These results corroborated H1, and are consistent with a model of information seeking time based on our knowledge-based account of home page complexity, C. This is shown in Fig. 3B, where we recoded the 6 conditions corresponding to different NL–NE combinations in term of C, and replotted the average information seeking time as a function of C. Information seeking time proportionally increased with C regardless of the number of web elements and the number of links.

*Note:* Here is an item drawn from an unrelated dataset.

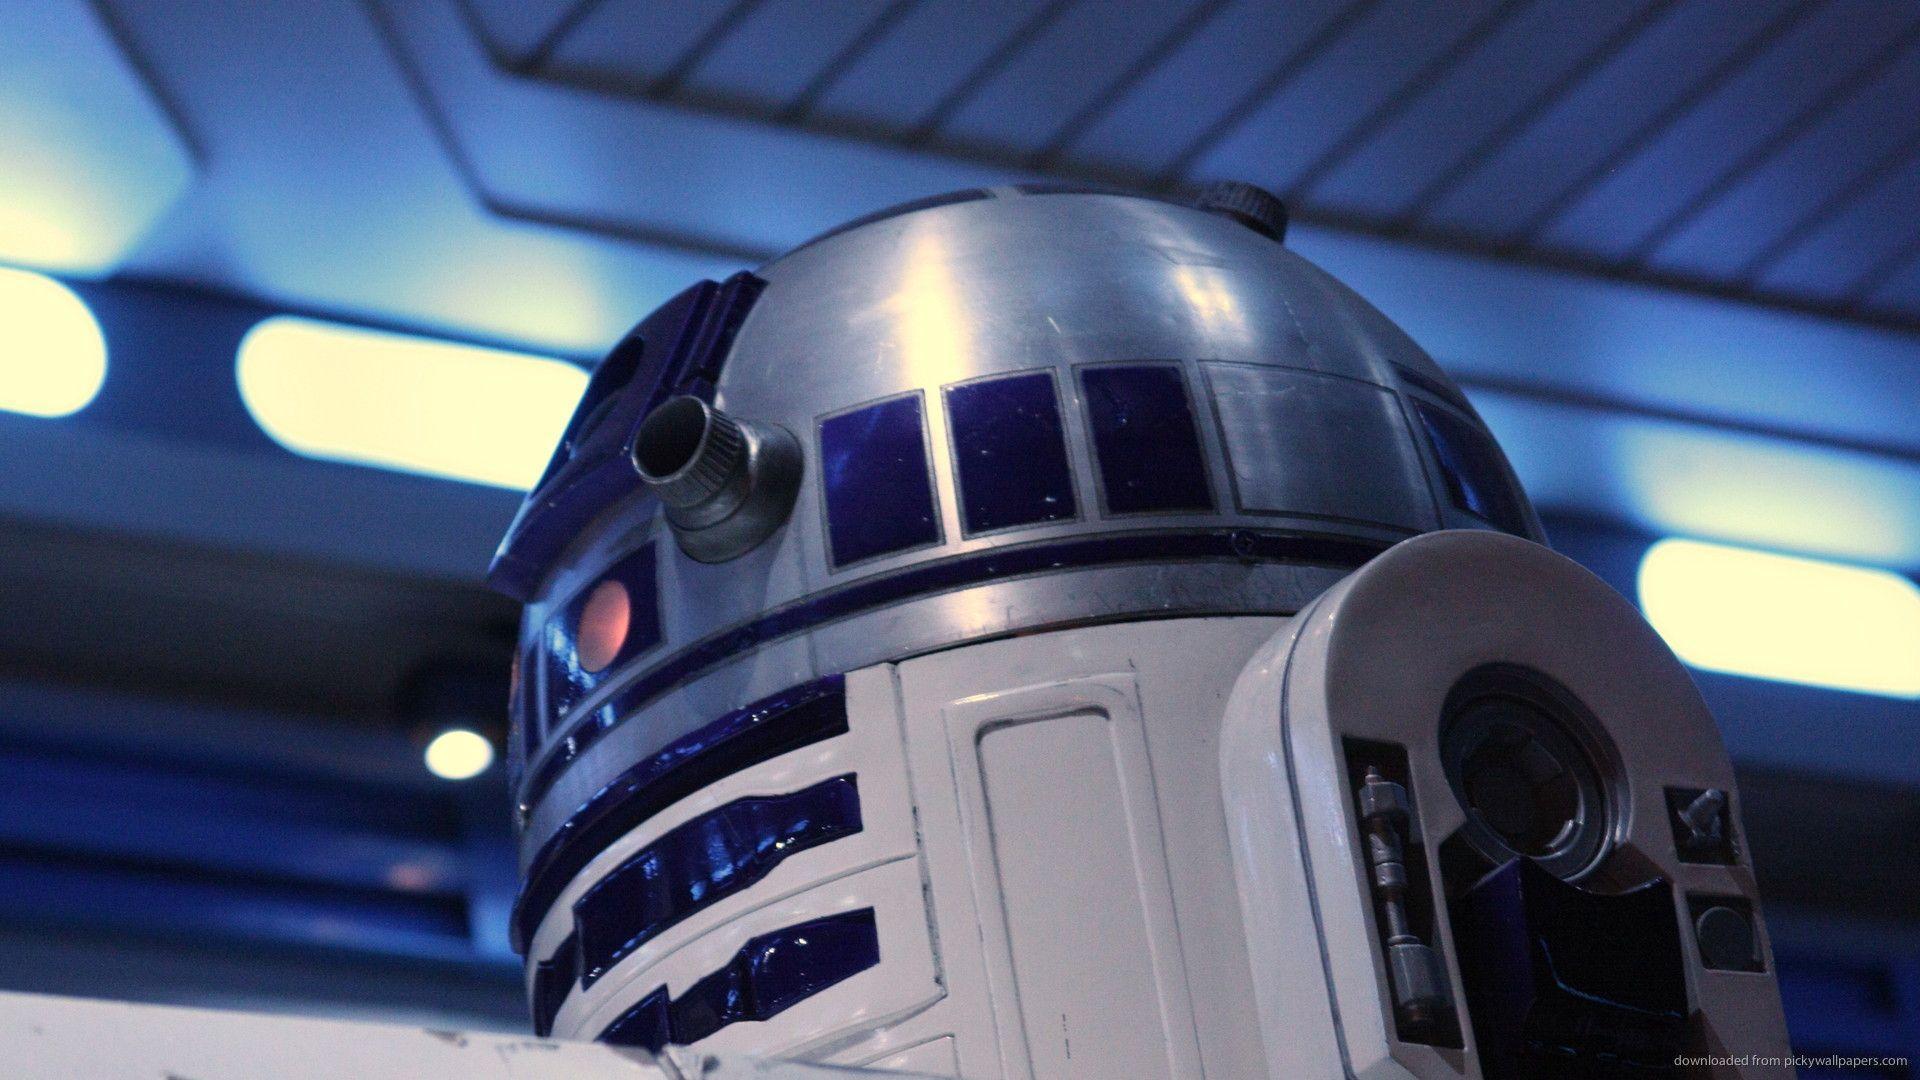 Download 1920x1080 Mounted R2D2 Wallpaper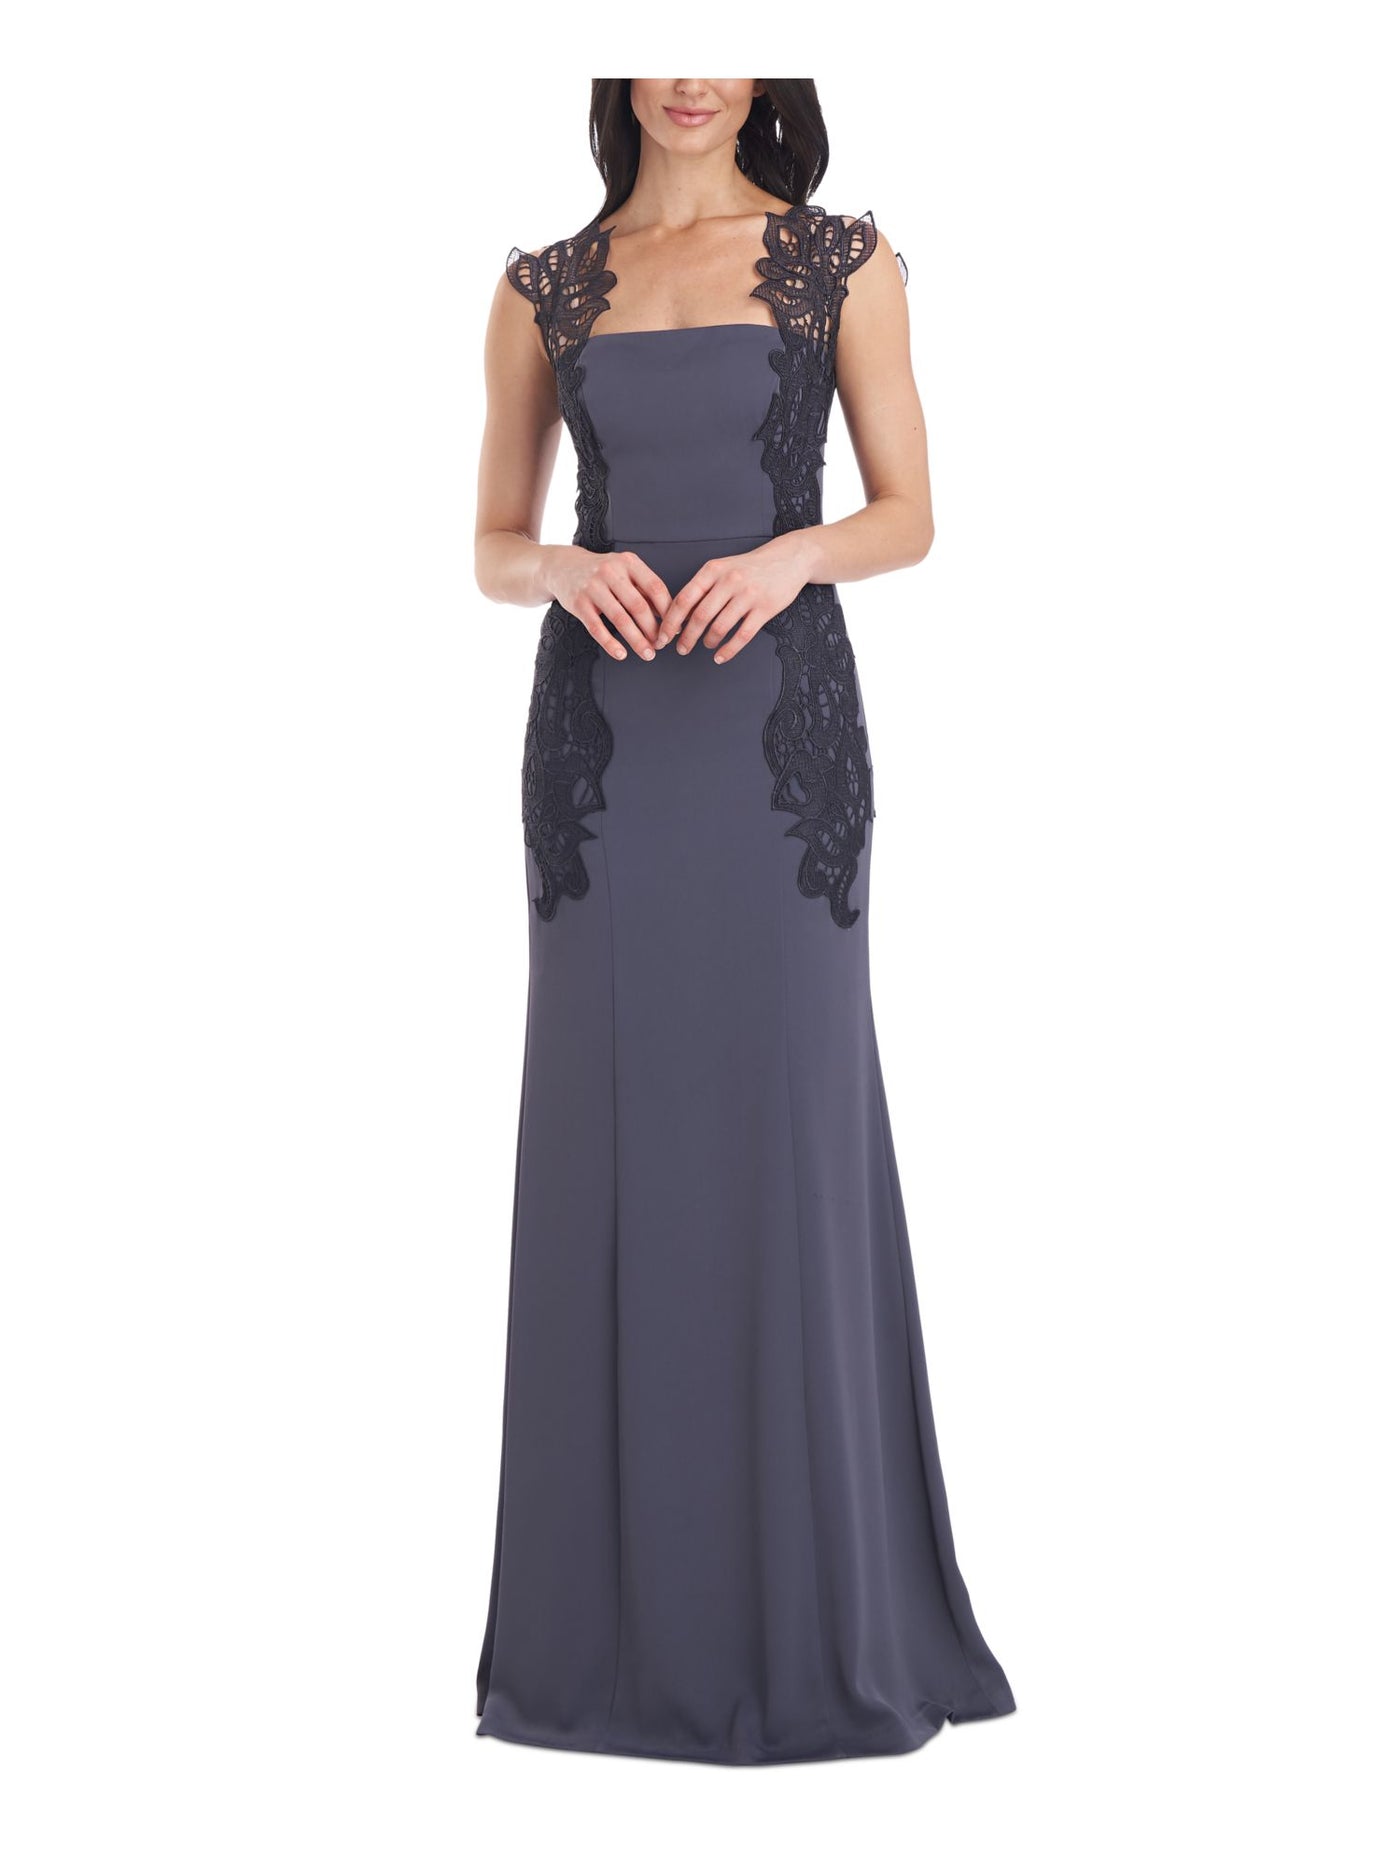 JS COLLECTION Womens Zippered Lace Lined Satin Sleeveless Square Neck Full-Length Evening Mermaid Dress

Our C measure indeed accounts for the overall trend of information search speed while accounting for both the lack of a significant difference between conditions with an equal number of links (i.e., largest number group) but different number of web elements (MN3 = 22.8 s ± 2.57 s vs. MN2 = 18.31 s ± 1.44 s; t = − 1.52, df = 123.17, p = 0.13), and the lack of a significant difference between conditions with equal number of web elements (NE = 2) but different number of links (Msmall = 15.9 s ± 1.59 s. Mmedium = 17.4 s ± 1.4 s; Welch t = − 0.74, df = 127.9, p = 0.46), which are both critical for an additive model independently weighting the effects of the number of links and elements.
This is confirmed by the results of the lme analysis testing the effects of web elements and web links, once the effect of C is controlled. In a first lme model, disregarding the effect of C, we thus asked how individual information seeking times were affected by the number of web elements and the number of links. In this model information seeking time resulted to be positively affected by the number of web elements (β = 5.42 ± 1.47, F1,426.25 = 13.7, p = 0.000) and the number of links (β = 0.66 ± 0.31, F1,429.68 = 4.2, p = 0.04), but not their interaction (β = − 0.21 ± 0.11, F1,428.28 = 3.32, p = 0.07). More interesting, however, was to repeat the same analysis including C as a third independent covariate so to control for its effects. Both main effects of web elements (β = − 6.76 ± 3.80, F1,425.13 = 2.31, p = 0.13) and web links (β = − 1.21 ± 0.63, F1,427.92 = 3.1, p = 0.08) became non significant when C was included in the model. In this second model, the likelihood of information seeking times was thus completely explained by C (β = 0.92 ± 0.27, F1,430.33 = 10.27, p = 0.001). In the present investigation, therefore, there is no evidence that the actual number of navigation choices and web elements per se contribute to the perceptual response beyond what C can explain.
Furthermore, no significance decrement of fit was found when contrasting this second lme model with a model with C as the only covariate (rc slightly decreases from 0.356 to 0.353; , p = 0.84) with slope = 0.50 ± 0.07 and intercept = 8.87 ± 1.34. According to Paap & Roske-Hofstrand (1986) and our Eq. (2), the lme estimated slope stands for the individual search strategy that, being equal to 0.5, denotes an exhaustive search strategy consisting in reading all links embedded within relevant web elements, while the intercept stands for the information search latency.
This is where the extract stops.